**Try it**.
Starting with the line that holds "ROUND ROCK HOUSING AUTHORITY, TX logo", repeat each line through the last one below, exactly. Pictures stay out.

*** Source data ***

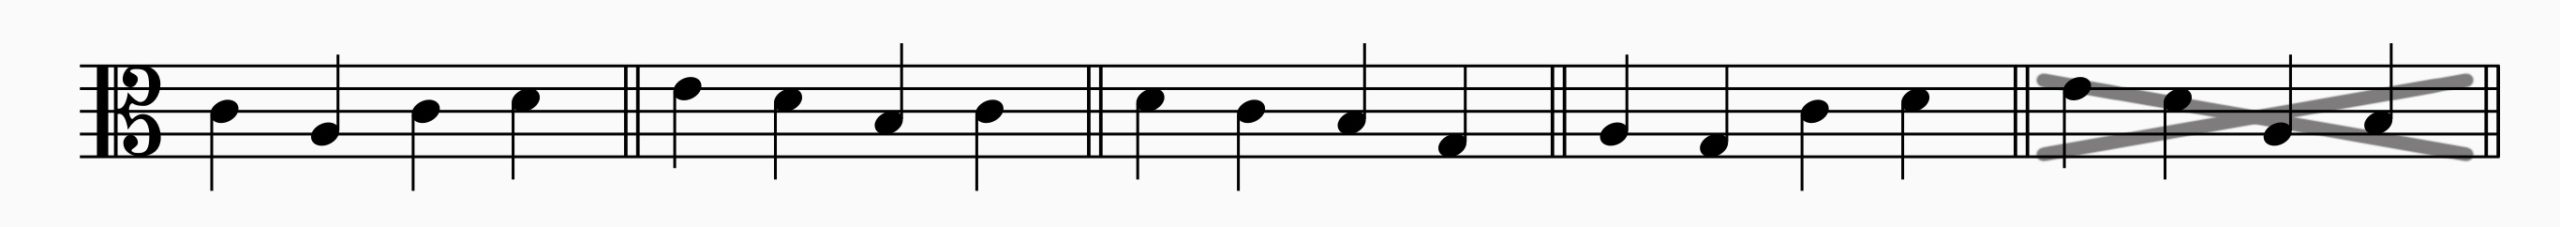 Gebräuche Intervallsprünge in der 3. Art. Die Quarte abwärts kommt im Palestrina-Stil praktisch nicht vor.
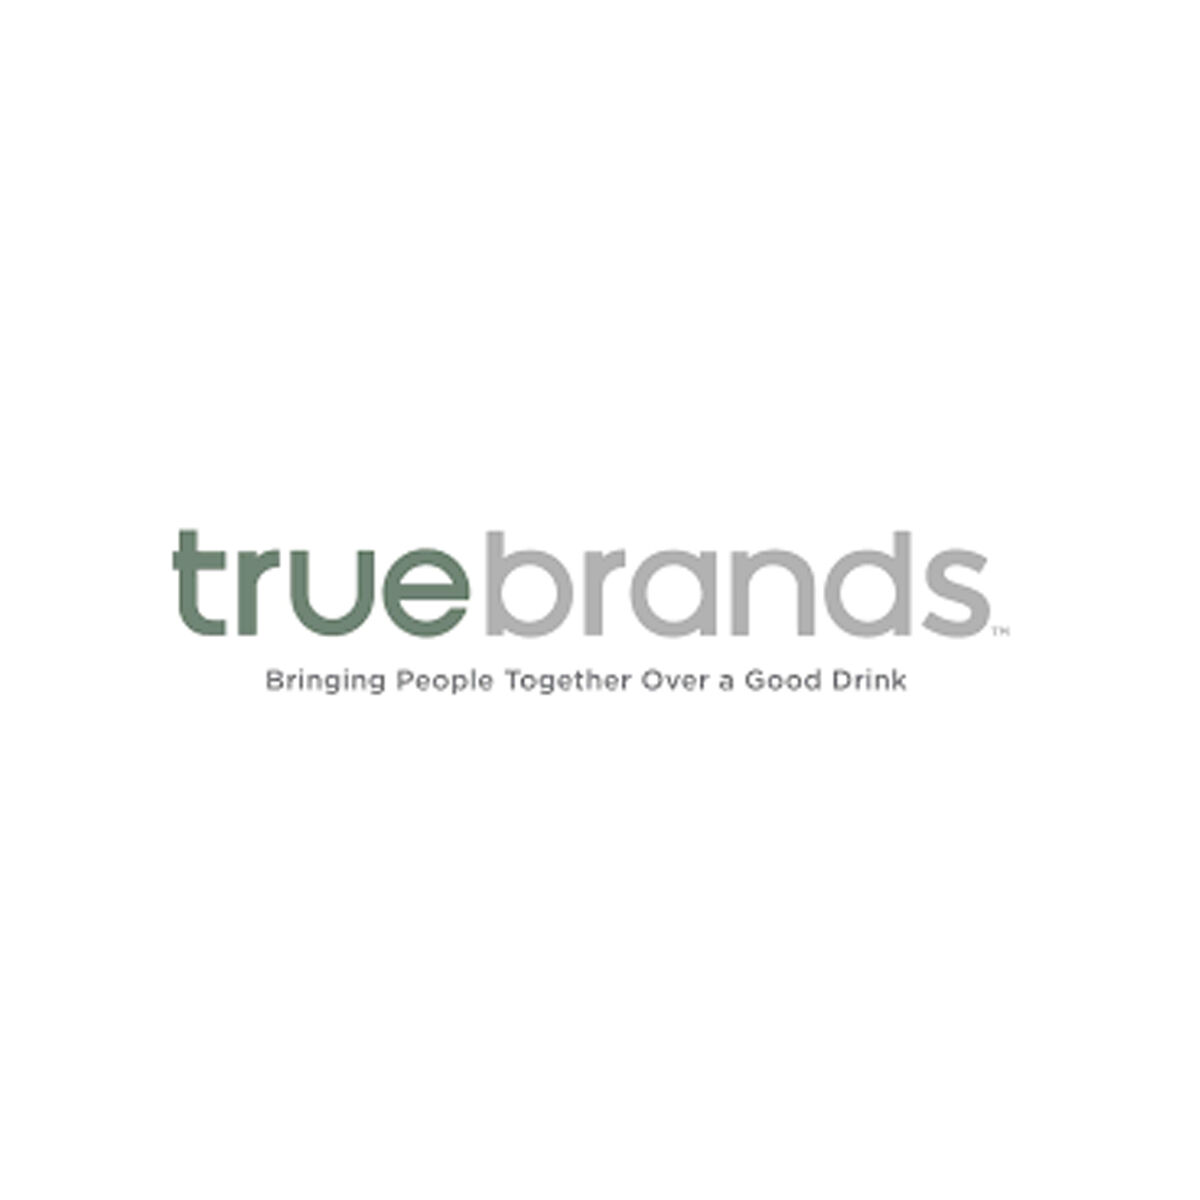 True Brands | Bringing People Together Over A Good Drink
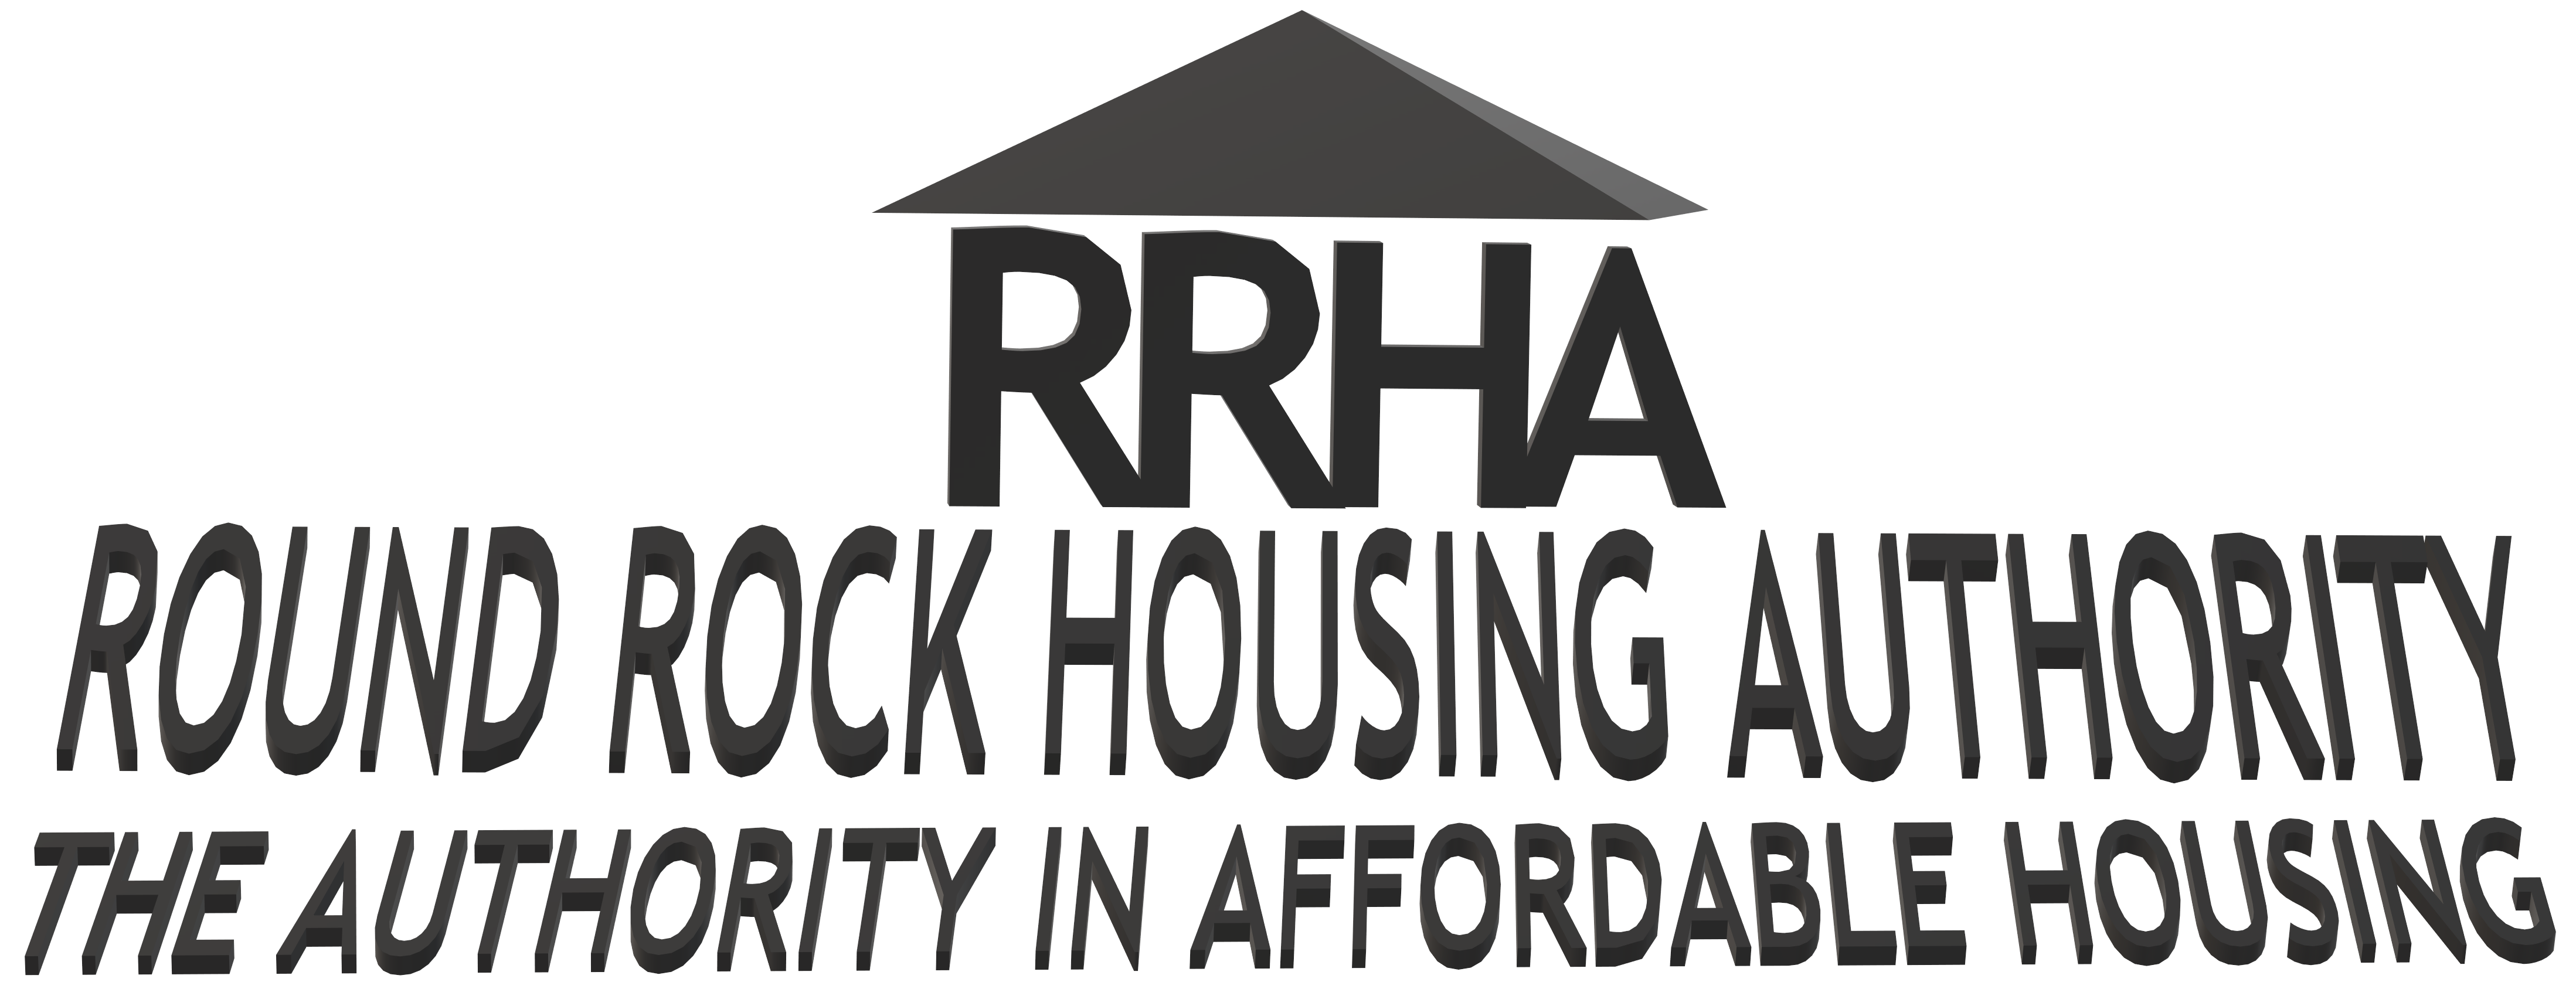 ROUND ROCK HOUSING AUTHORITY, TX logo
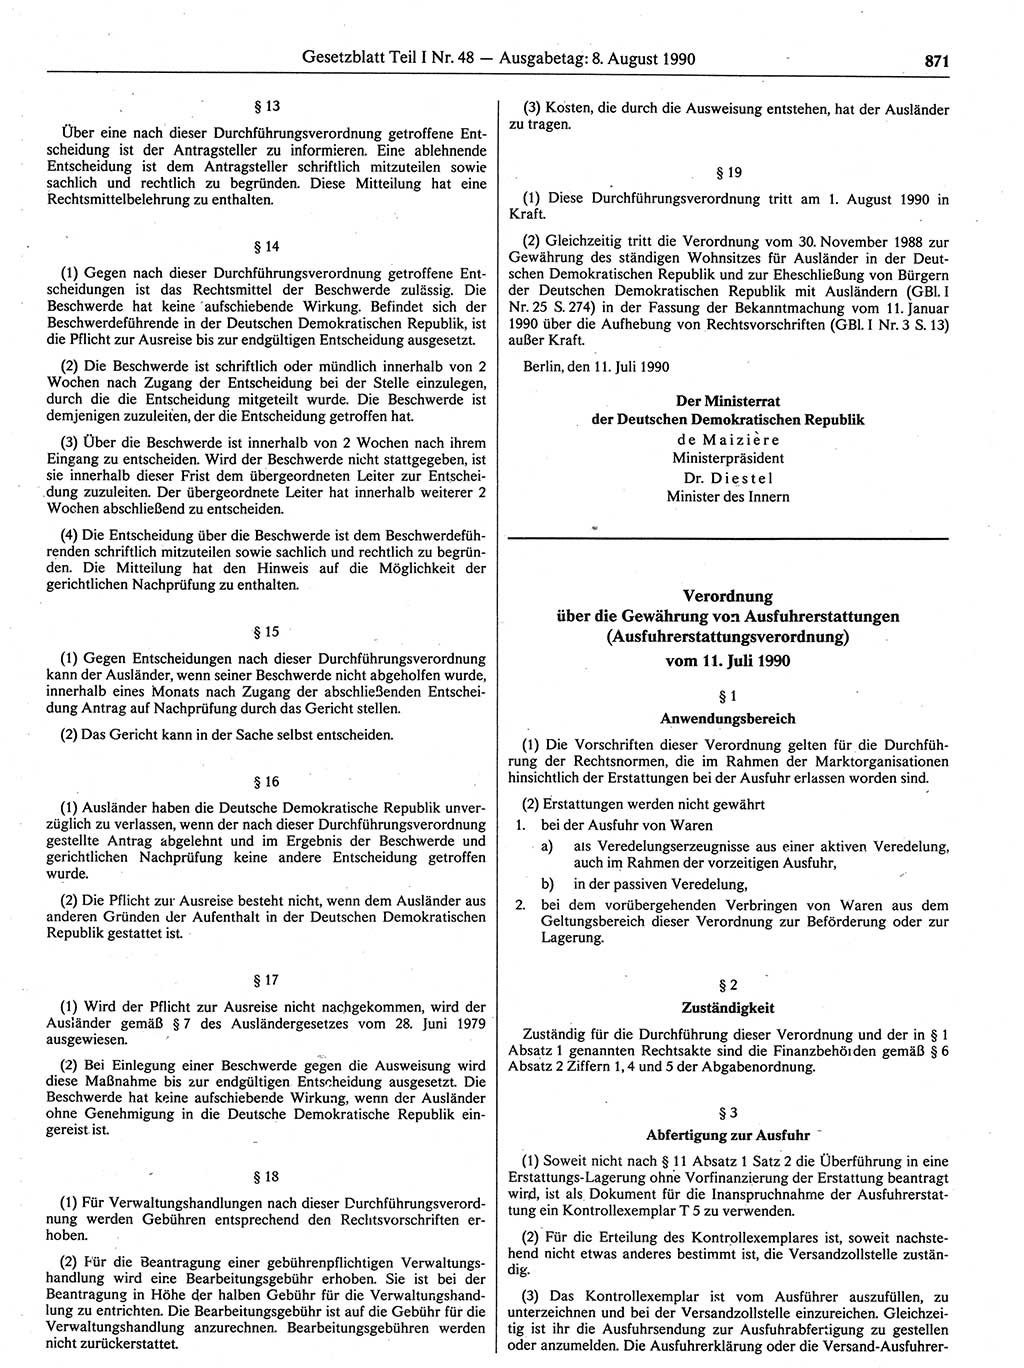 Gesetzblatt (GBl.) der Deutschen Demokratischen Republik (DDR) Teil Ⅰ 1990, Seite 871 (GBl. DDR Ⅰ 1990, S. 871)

***

**Final answer**.
 ROUND ROCK HOUSING AUTHORITY, TX logo
 Gesetzblatt (GBl.) der Deutschen Demokratischen Republik (DDR) Teil Ⅰ 1990, Seite 871 (GBl. DDR Ⅰ 1990, S. 871)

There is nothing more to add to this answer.